Re: Project: 10512 (Run 6, Clone 506, Gen 13)

Posted: Tue Sep 21, 2010 9:22 pm
by sortofageek
The good news is that you got partial credit.
Hi Tobit (team 33),
Your WU (P10512 R6 C506 G13) was added to the stats database on 2010-09-21 00:09:22 for 286.7 points of credit.

The other news is that it went to two other people. Both completed it successfully.

Re: Project: 10512 (Run 6, Clone 506, Gen 13)
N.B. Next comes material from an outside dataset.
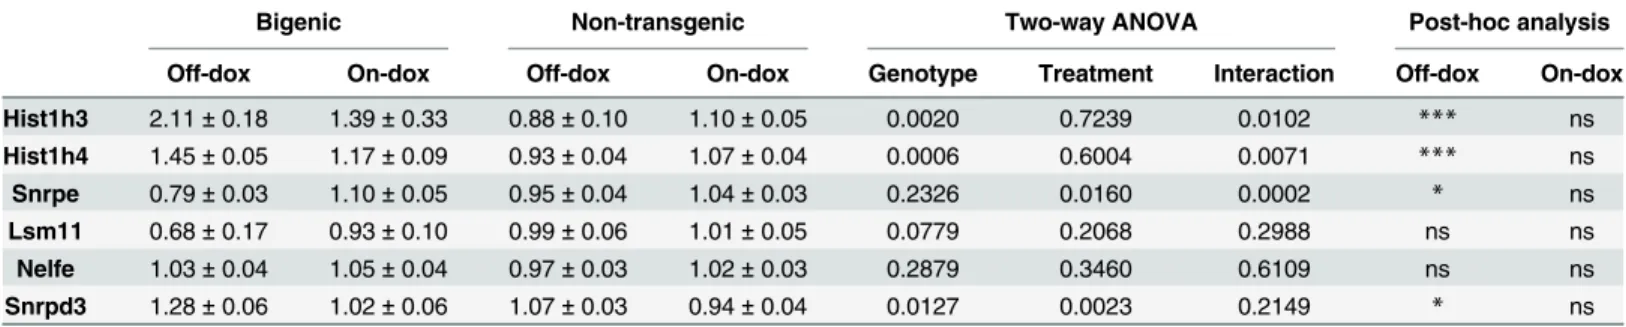 Table 2. qPCR validation results for control validation groups. Off-dox refers to mice fed a doxycycline-containing diet until 28 days of age followed by 10 days off doxycycline before sacrifice, while on-dox refers to mice fed a doxycycline-containing die

Posted: Wed Sep 22, 2010 12:49 am
by Tobit
sortofageek wrote:The other news is that it went to two other people. Both completed it successfully.
I kind of suspected much. The error I posted is very similar to a NAN which usual means the WU didn't like something about the GPU. Thanks for confirming my actual points received though.

Re: Project: 10512 (Run 6, Clone 506, Gen 13)

Posted: Wed Sep 22, 2010 5:55 am
by 7im
It would be helpful to include a little system info, like what GPU type you had, if it was overclocked, etc. That way if a problem pattern develops, it's easier to spot.